USA Florida, February 9, 2015Thus, the strategy of combining powerful cell killing ability of potent cytotoxic agents with target specificity symbolizes a potentially new model in treatment of cancer
Antibody drug conjugates are monoclonal antibody chemically coupled to a linker and cytotoxic drug. At present the therapeutic use of ADCs is focused almost completely on the treatment of cancer. The targets for ADCs do not need to be causal in tumor progression in contrast to small molecule cancer agents or function blocking monoclonal antibodies. The monoclonal antibodies used in first generation ADCs identified cell surface antigens with varying levels of tumor selectivity. It also included monoclonal antibodies that internalized following antigen binding and those that did not.
Non internalizing ADCs needed to remain entire in the circulation to be effective, and however selectively release active drug at the tumor site. Characteristically these ADCs make use of peptidyl linkers designed to be cleaved by enzymes such as cathepsins and matrix metalloproteinases articulated in the linker, or tumor that would liberate drug by hydrolysis at the slightly acidic pH observed in many solid tumors.

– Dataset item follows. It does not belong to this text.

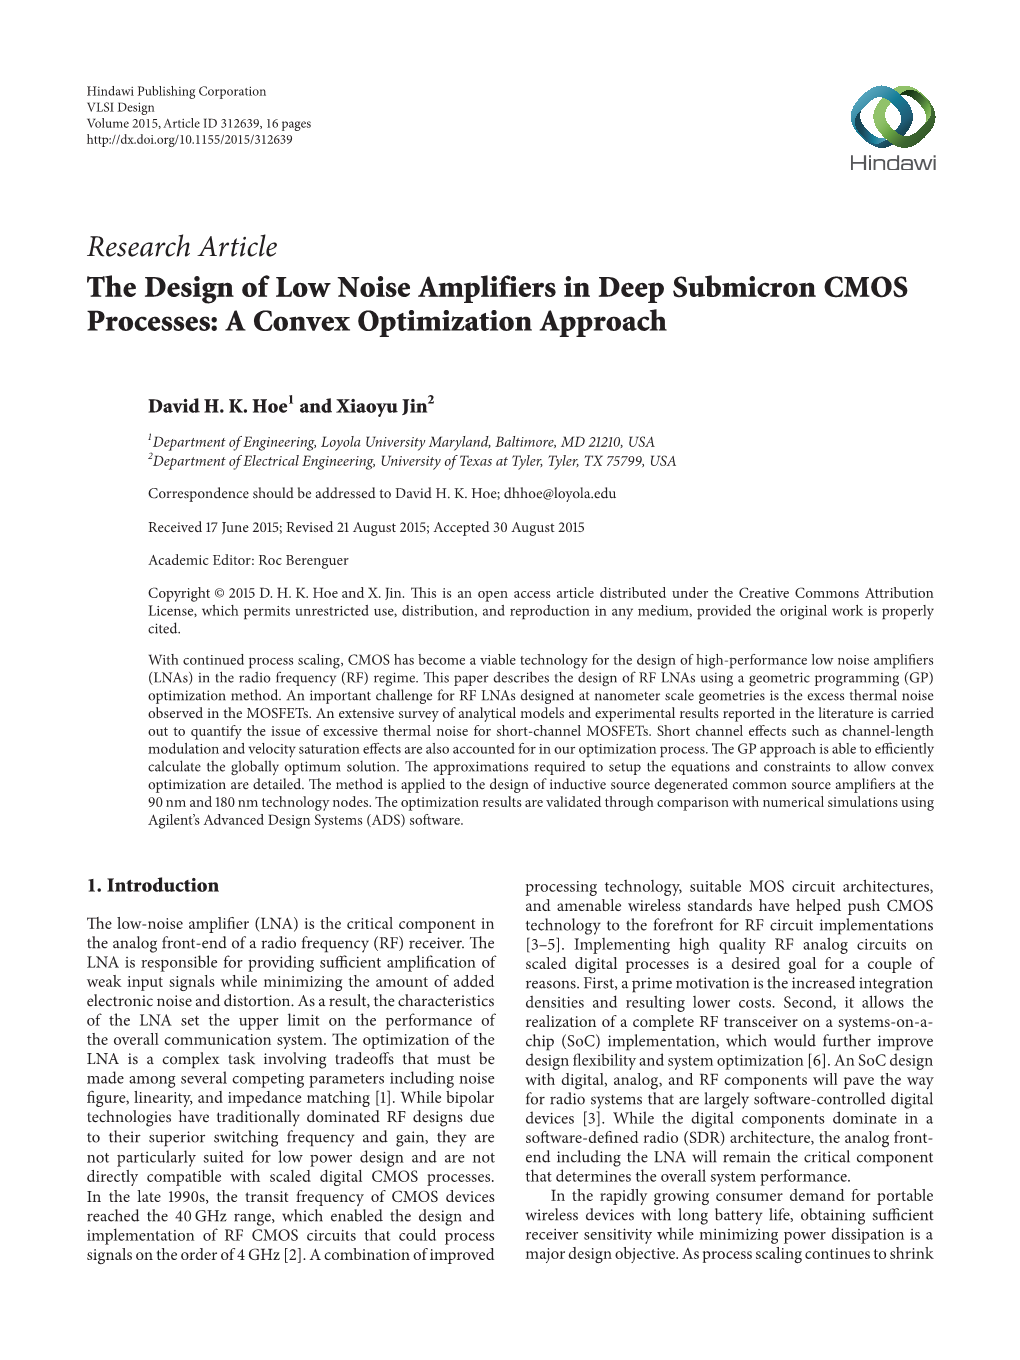 The Design of Low Noise Amplifiers in Deep Submicron CMOS Processes: a Convex Optimization Approach

These non-internalizing ADCs did not show significant antigen specific activity for the most part, and did not improve the therapeutic index relative to that of the free drug. The use of MAbs that internalize following antigen binding has resulted in the design of linkers that are stable in circulation and efficiently release active drug following internalization, antigen specific binding, and trafficking to endosomes or lysosomes. Impressive preclinical and clinical activity has been demonstrated by internalizing ADCs.
Major advances in the efficacy and safety of ADCs have resulted from incorporating highly potent drugs and using stable linkers to better make use of the half life of the MAb component of the ADC. There are continuing efforts to increase the selectivity of ADC and efficacy by optimizing linkers, MAb attachment sites and cytotoxic payloads further.
For the design of ADC, the selection of suitable ADC targets remains a critical challenge. Characteristics of the ADC target can be used to guide the selection of linker that may be cleavable or non cleavable and the potency and characteristics of the released drug.
Though, further insight into the optimal design characteristics of effective ADCs will be best gained as additional clinical data become available. The emerging technologies that seek to further advance this exciting area of research are also increasing.
Our company has more than a decade of experience in Antibody Drug Conjugate (ADC) technology, which makes powerful monoclonal antibodies to treat the targeted diseased area more successfully.
The type of components of GAP antibody drug conjugate technology is the stable linkers and the synthetic cytotoxic agents. At various phases of clinical trials our ADCs have been shown to be approximately 5 times more efficient and roughly 10 times safer than the conventional chemotherapeutic agents.